Head of state and of government the U.S. territory of American Samoa

This is a list of governors of the part of the Samoan Islands (now comprising American Samoa) under United States administration since 1900.

From 1900 to 1978 governors were appointed by the federal government of the United States. Since that time they have been elected for 4-year terms by the people of American Samoa.

==History==
When the Department of the Interior sent four governors in a three-year period, local Samoans began advocating for choosing their own governors.
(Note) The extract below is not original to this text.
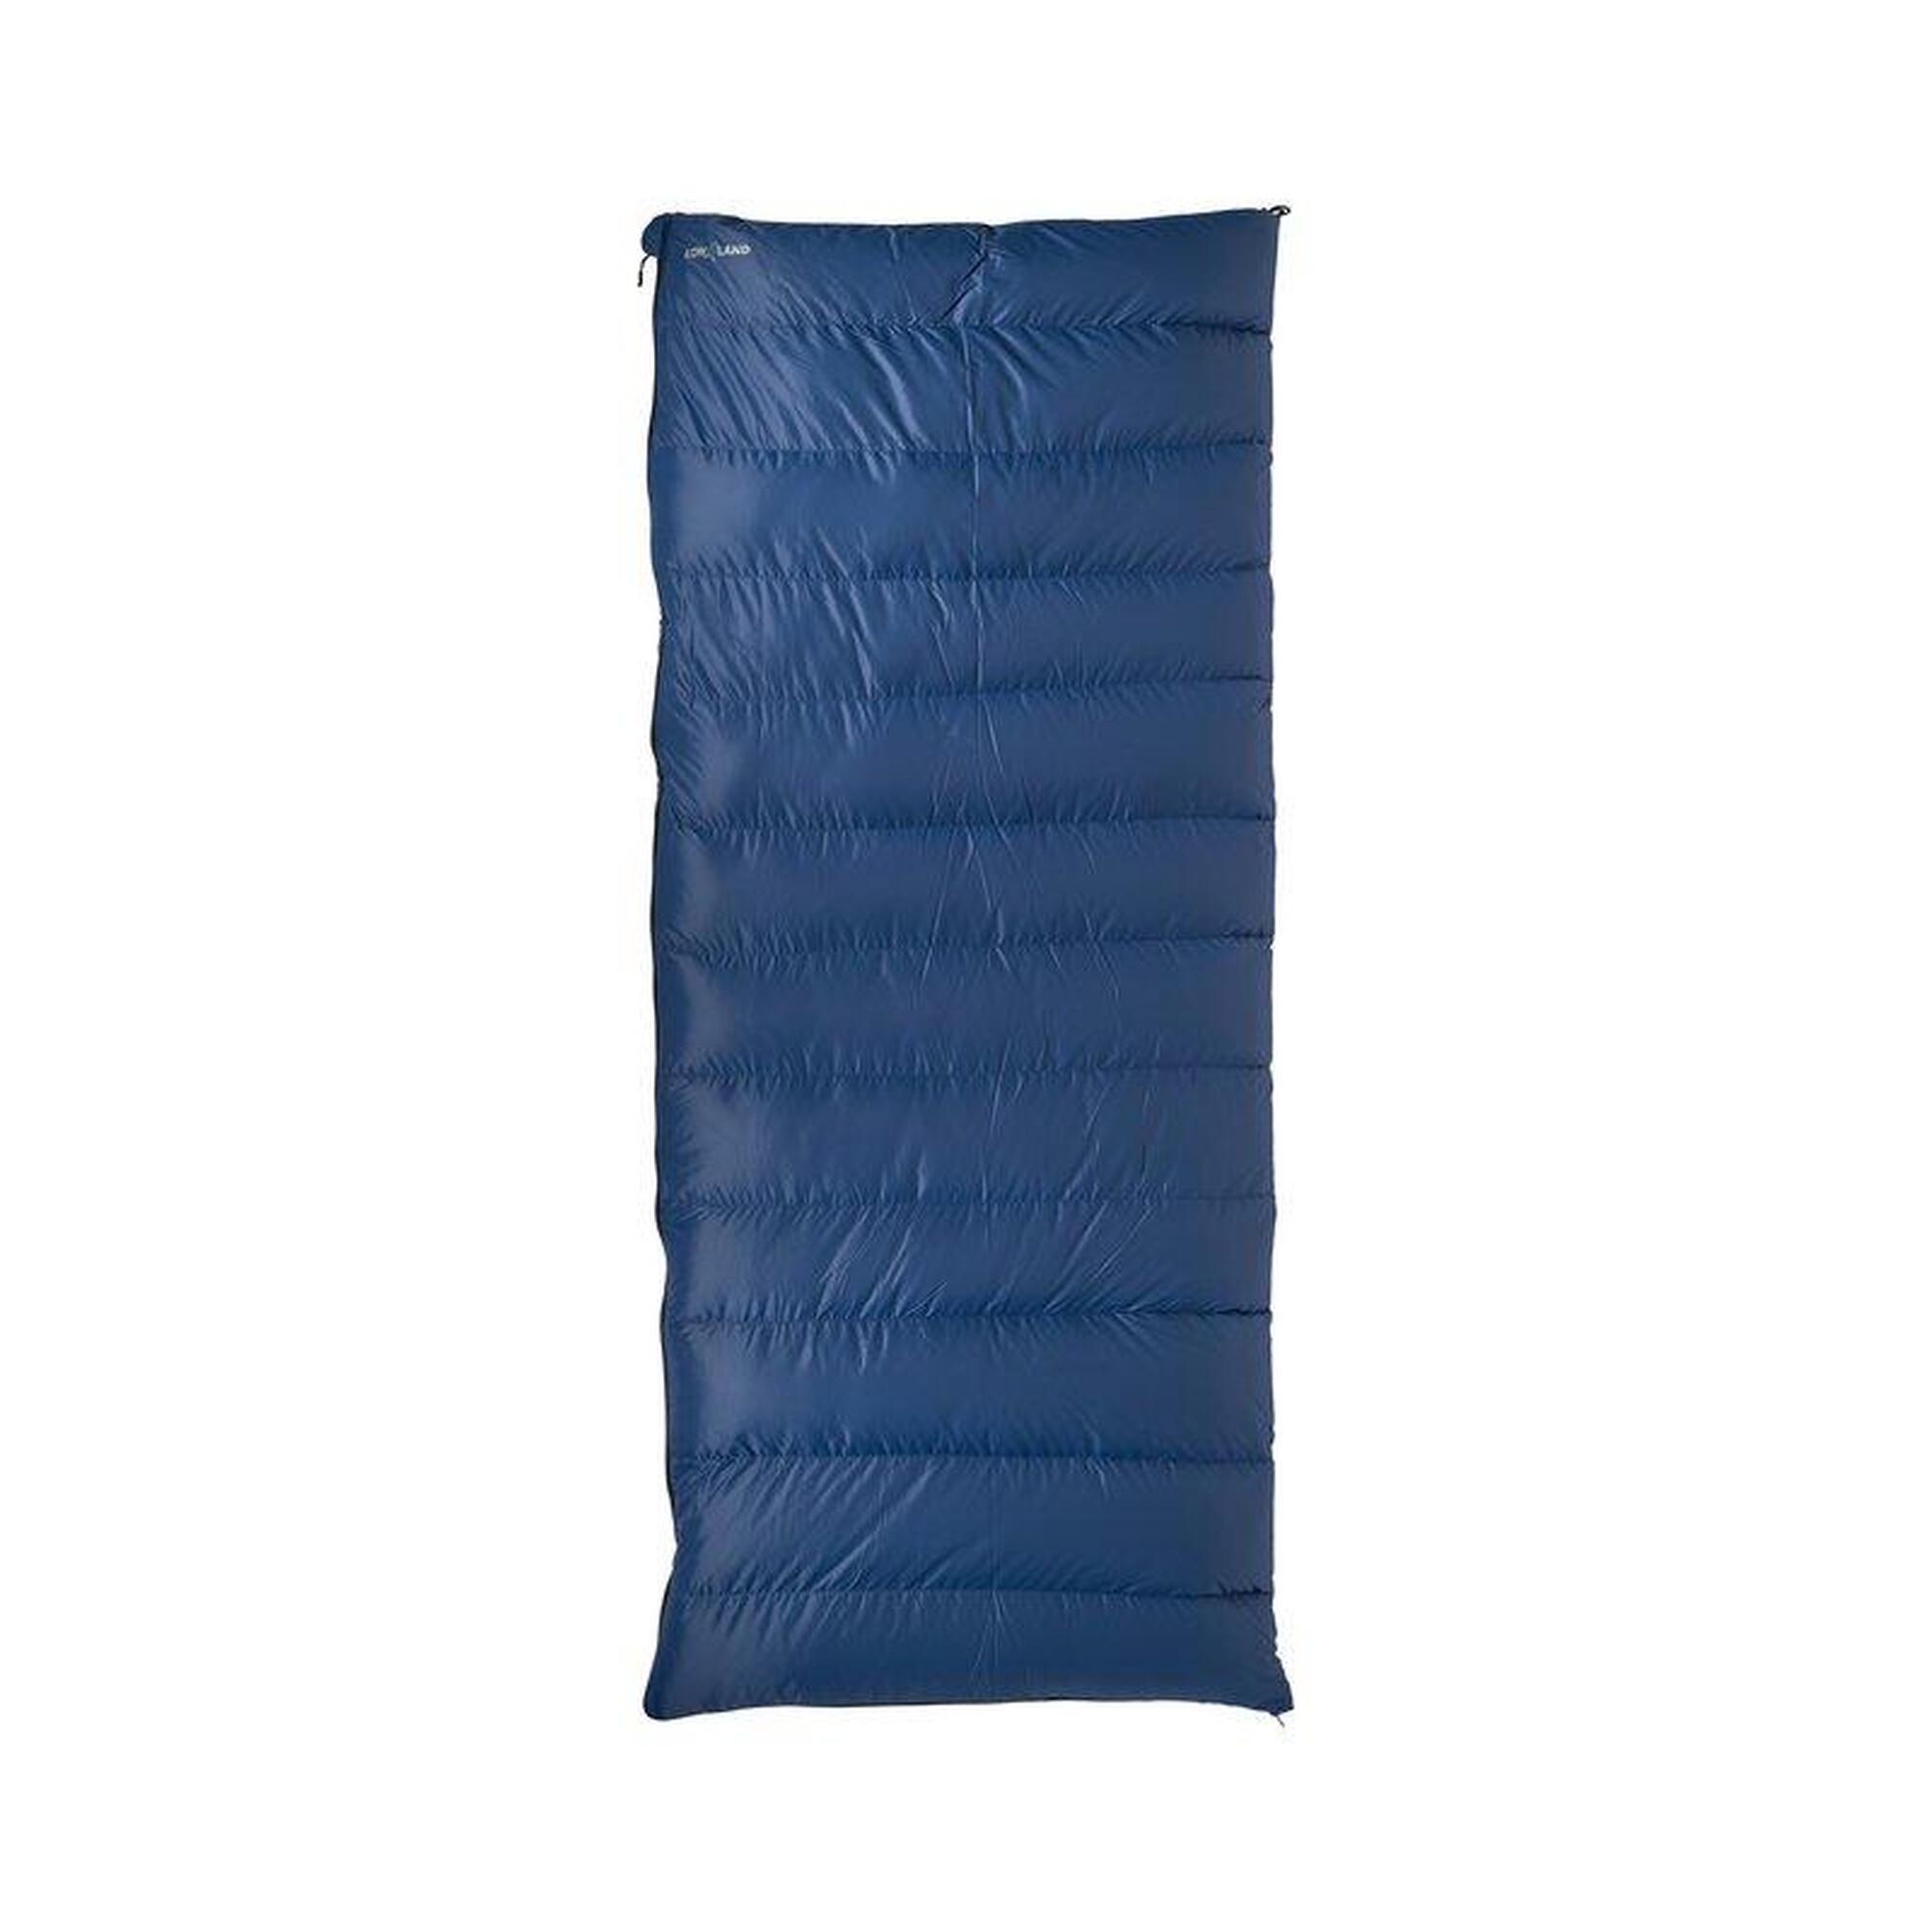 Saco de dormir Companion NC1 manta de plumón-Nylon/algodón-200x80 cm-1595gr-0°C

In the late 1940s, a Navy Governor, as well as an Interior Governor, had expressed their beliefs that High Orator Chief Tuiasosopo would be a suitable governor. In 1956, President Dwight D. Eisenhower appointed Peter Tali Coleman as Governor of American Samoa, the first person of Samoan descent to occupy that role. Coleman, a member of the Republican Party, was a U.S. Army officer with a law degree from Georgetown University. After his presidential appointment, local residents became increasingly aware that Samoans can do the job just as good as the federal government, which until now had appointed governors to the islands. Soon local lawmakers such as Governor Owen Aspinall and H. Rex Lee favored the idea of locals being elected governors. On the other side was Governor John Morse Haydon, who openly opposed the idea. An administrative judge criticized Haydon and following a Pago Pago hearing, the Department of the Interior began distancing itself from Haydon and soon replaced him with a new governor. The concept of an elected governor was proposed with Senate Bill 20 and a Gubernatorial Commission was created in order to consider ways to implement the concept of electing governors.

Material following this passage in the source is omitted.